Comment 4 for bug 687653

Revision history for this message
Andrew Bennetts (spiv) wrote : Re: codehost error handling infinite recursion death spiral of doom

The recursion chain is pretty long, here's what it appears to be:

repr(NotBranchError) -> calls open_repository -> calls into codehosting vfs -> XMLRPC -> uses Twisted callbacks -> something breaks -> Twisted stringifies the error/traceback -> repr(NotBranchError) -> ...

It's a new instance of NotBranchError in every round of the recursion, although presumably with the same parameters.

It's hard for bzrlib to mitigate this without losing functionality (it calls open_repository there to give more helpful errors to users in the case of "bzr branch shared_repo_with_no_branch", which happens sometimes and can be confusing for new users, and it doesn't call open_repository until error formatting time to avoid paying the price of the IO unless the error is being displayed somewhere). bzrlib could do something ugly like set a global flag while in NotBranchError's _format method, and if it is already set skip the open_repository call. That would probably work, although that's what I thought about the previous mitigation added to bzrlib.

It would also paper over the other factors here: why is NotBranchError being triggered and propagated? Can we fix Twisted to avoid expensive and dangerous stringifying here?

I spent a lot of time yesterday looking over the codehosting code and I don't see an obvious way to trigger this sort of problem, but clearly there is one lurking somewhere.

We don't seem to have a reliable way to reproduce this problem. Part of what confounded us yesterday was the branches on disk were changing while we were investigating as the user worked on them. e.g. at one point there was an empty bzrdir (no repo, branch or tree), then a few minutes later it had a branch and repo.

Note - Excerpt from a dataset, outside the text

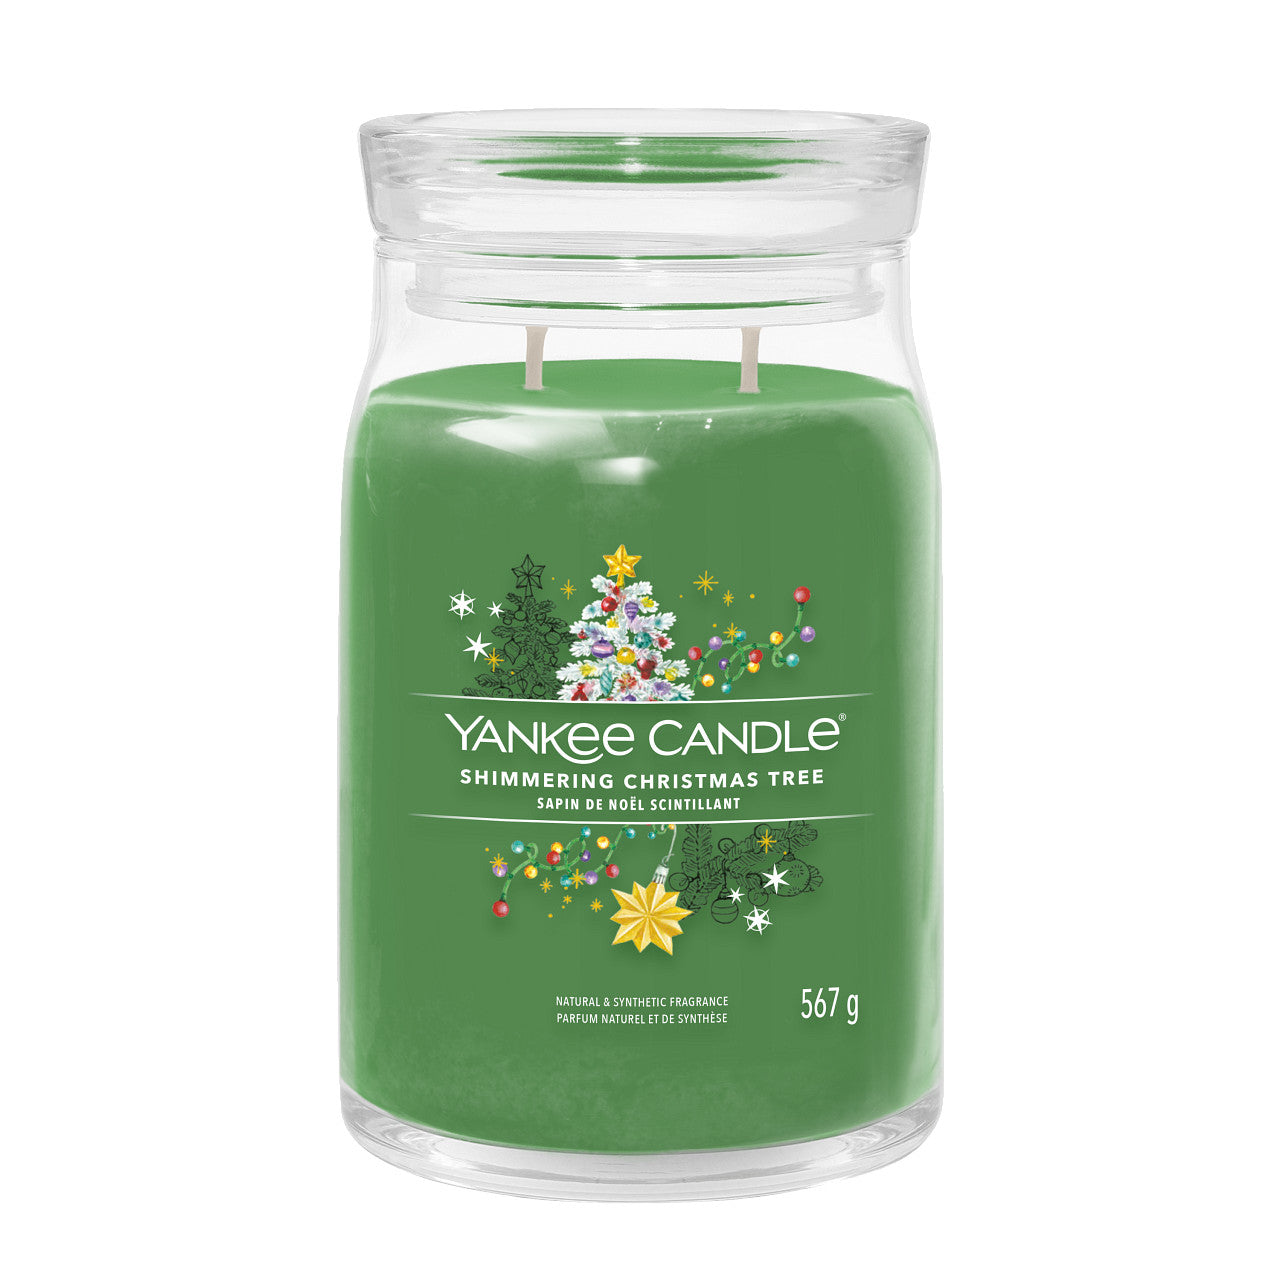 Shimmering Christmas Tree - Signature Large Jar Scented Candle
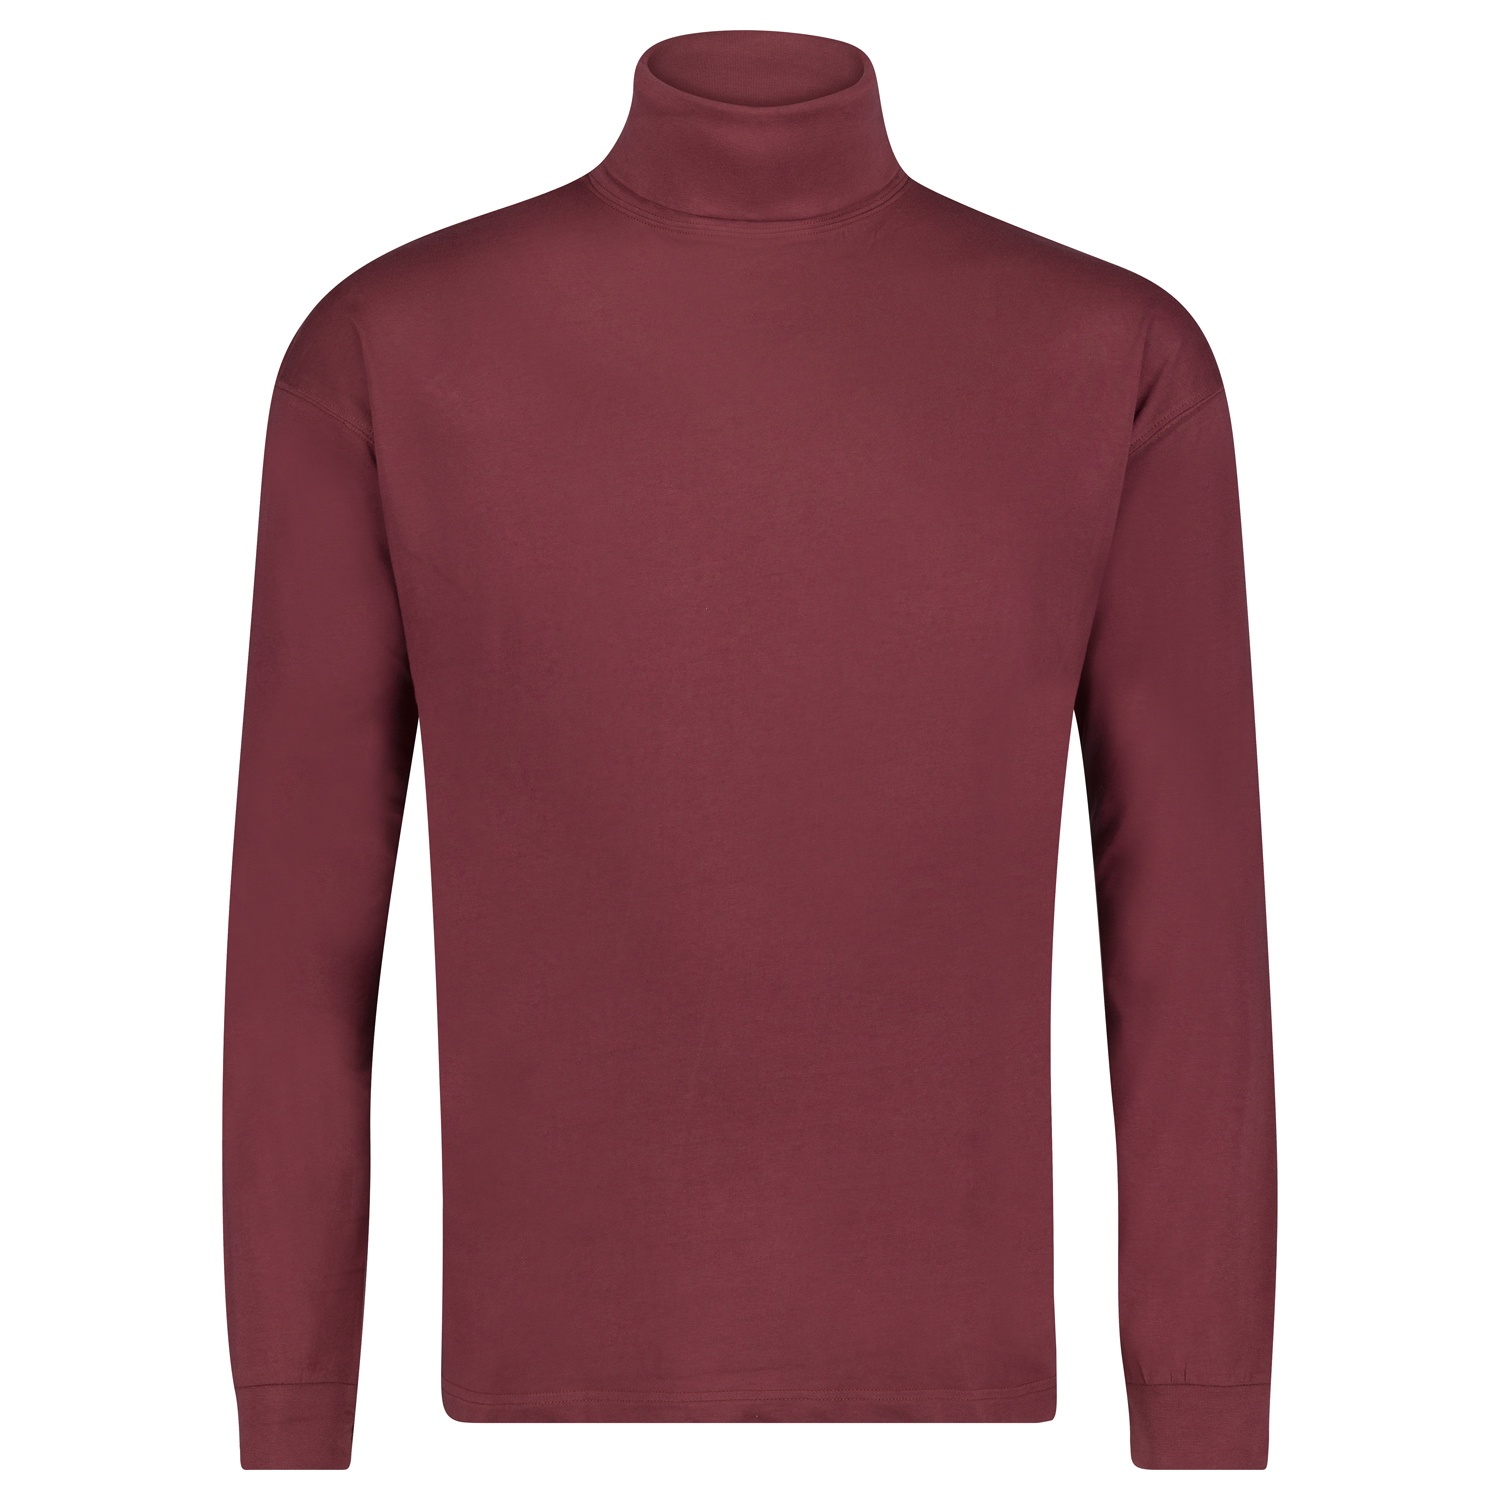 Longsleeve for men with turtle neck COMFORT FIT in dark red by ADAMO in size 2XL up to oversize 12XL

Other facts from the pasted traceback:
 * there's a NoSuchFile for /srv/bazaar.launchpad.net/mirrors/00/06/43/cc/.bzr/repository/format in some frames. Presumably the result of the open_repository call.
 * The branch involved appears to be <lp:~goadict/tsumego20k/release-1.0>.
 * the XML-RPC call is almost certainly translatePath

Other observations:
 * some of the processes appeared to be connected to /+branch/...
 * some processes appeared to be for non-existent branches under +branch, e.g. BRANCH:%2Bbranch/tsumego20k/1.0
 * the ps listing of all lp-serve processes showed both /+branch/... and /%2Bbranch/... which seems a bit odd
 * the branches for this project are small, and several lp-serve processes were stuck on it. I think that suggests it's not a race condition with e.g. removing a branch via the web UI (or if it is a race, it's remarkably easy to hit repeatedly)

Many of these observations are likely to be red herrings :(